International arbitration is changing at a fast pace, and opportunities arise every day in this field. In this context, on May 25, 2021, Young Arbitral Women Practitioners, Holland & Knight, and Rising Arbitrators Initiative co-hosted a webinar to discuss emerging fields of practice for arbitration lawyers. This post offers an overview of the variety of novel opportunities in international arbitration regarding outer space, human rights, and environmental protection.

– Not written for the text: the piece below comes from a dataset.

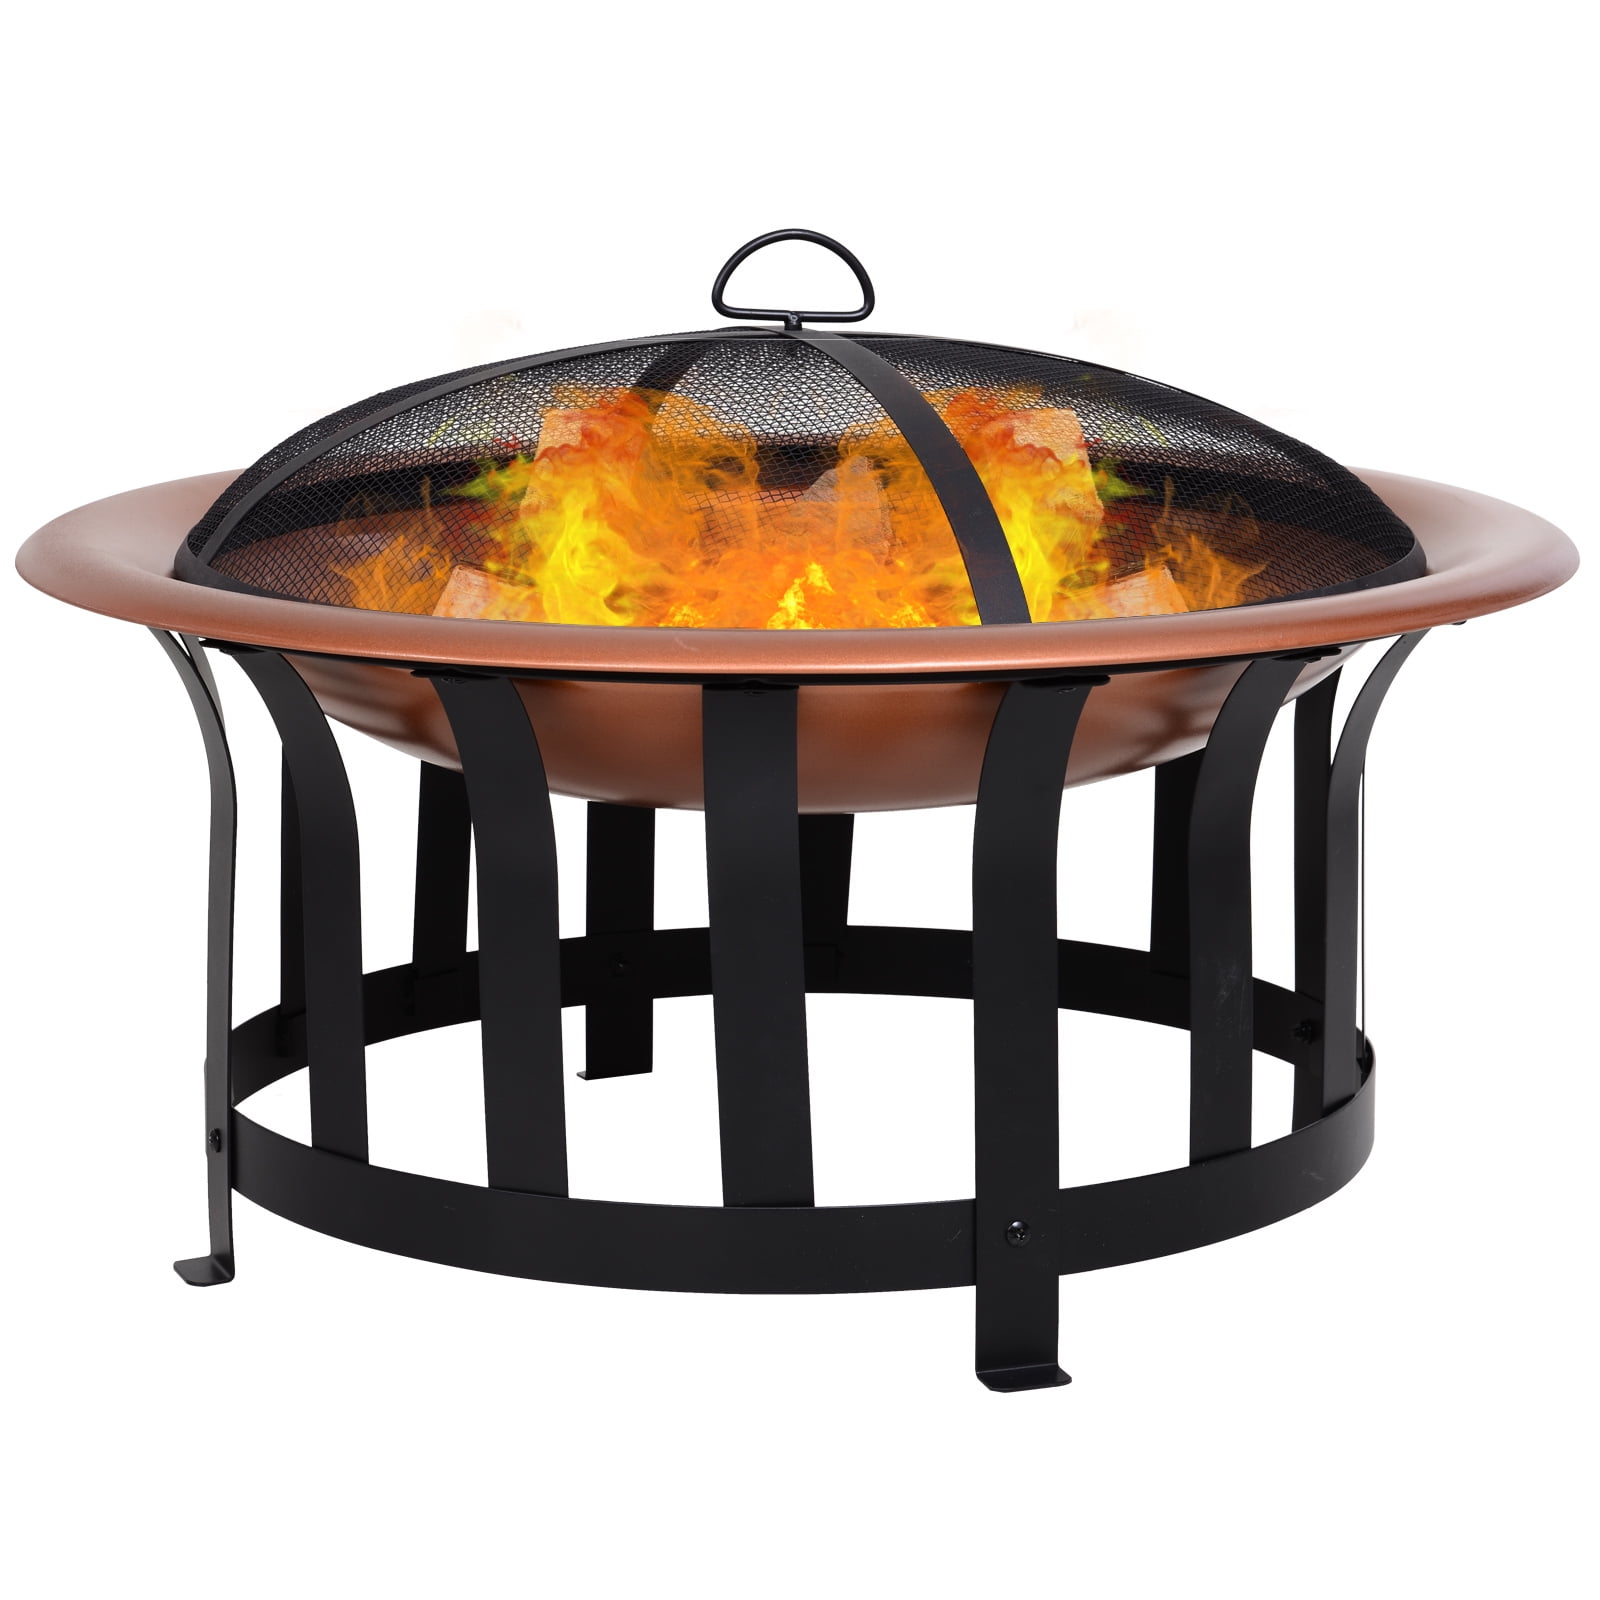 Outsunny Copper Colored Round Metal Wood Fire Pit Bowl With Black Ornate Base Poker Mesh Screen For Ember Protection Walmart Com

The Role of International Arbitration in Developing a New Space Economy
One theme emerging from the discussion was the role of arbitration as an efficient dispute resolution method in developing a new outer space economy. As Laura Zielinski explained, the current legal framework governing outer space limits space law to government action and is silent regarding states’ sovereign rights and private actors’ property rights. However, recent technological developments have reduced the costs of going to space, prompting the privatization of satellite operations, which in turn, has opened the field to commercial actors. Here, arbitration serves the emerging space economy as a crucial tool by providing actors with a flexible, yet certain, dispute resolution method that guarantees the protection of their investments in outer space.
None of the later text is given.